Квентина так и сидит опустив голову. Я распределил жаркое по тарелкам, принялась за еду.
– Как там у тебя – хороший кусок мяса? – говорю. – Если нет, то я получше выберу.
Молчит.
– Я спрашиваю, хороший кусок мяса достался тебе? – говорю.
– Что? – говорит. – Да. Хороший.
– Может, еще риса положить? – говорю.
– Не надо, – говорит.
– А то добавлю, – говорю.
– Я больше не хочу, – говорит.
– Не за что, – говорю. – На здоровье.
– Ну, как голова? – спрашивает матушка.
– Какая голова? – говорю.
– Я боялась, что у тебя начинается приступ мигрени, – говорит. – Когда ты днем приезжал.
– А-а, – говорю. – Нет, раздумала болеть. Не до головы мне было, дел было по горло в магазине.
– Потому-то ты и приехал позже обычного? – спрашивает матушка. Тут, замечаю, Квентина навострила уши. Наблюдаю за ней. По-прежнему ножом и вилкой действует, но глазами – шнырь на меня и тут же обратно в тарелку.

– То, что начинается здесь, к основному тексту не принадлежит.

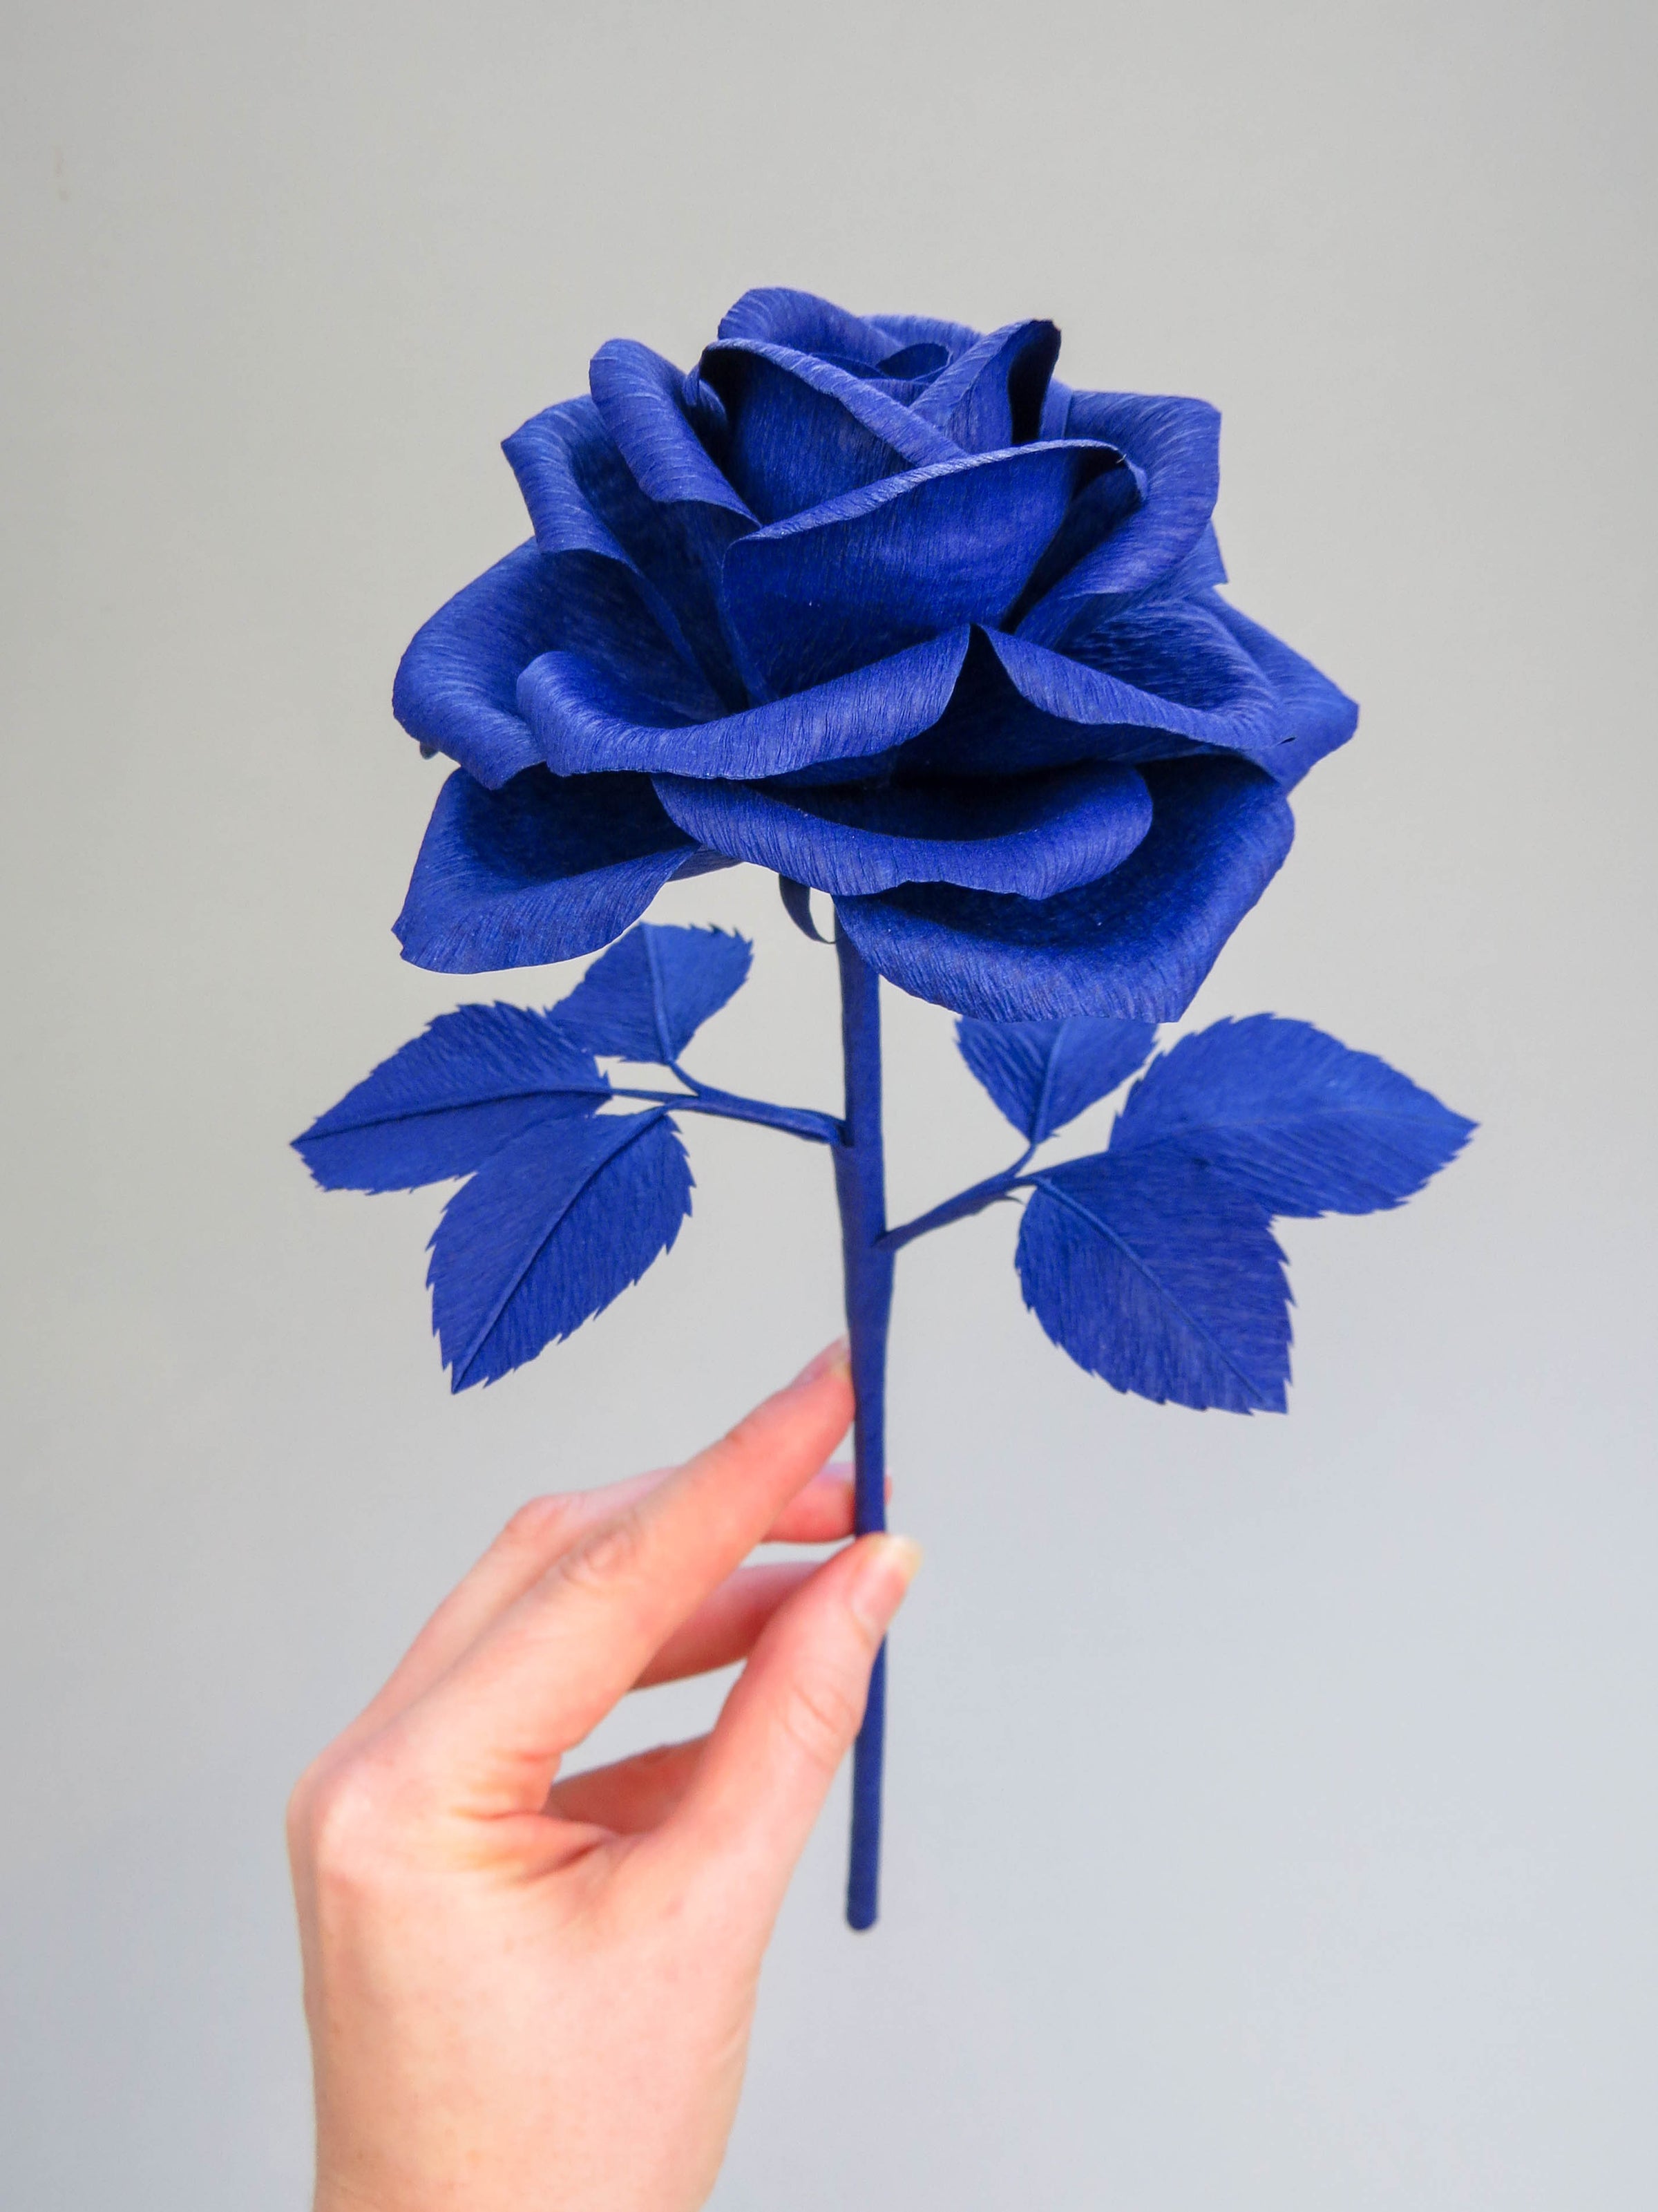 Pale white hand delicately holding the stem of a sapphire blue paper rose with six sapphire blue leaves

– Да нет, – говорю. – Я днем, часа в три, дал свою машину одному человеку, пришлось ждать, пока он вернется. – И ем себе дальше.
– А кто он такой? – спрашивает матушка.
– Да из этих артистов, – говорю. – Там муж его сестры, что ли, укатил за город со здешней одной, а он за ними вдогонку.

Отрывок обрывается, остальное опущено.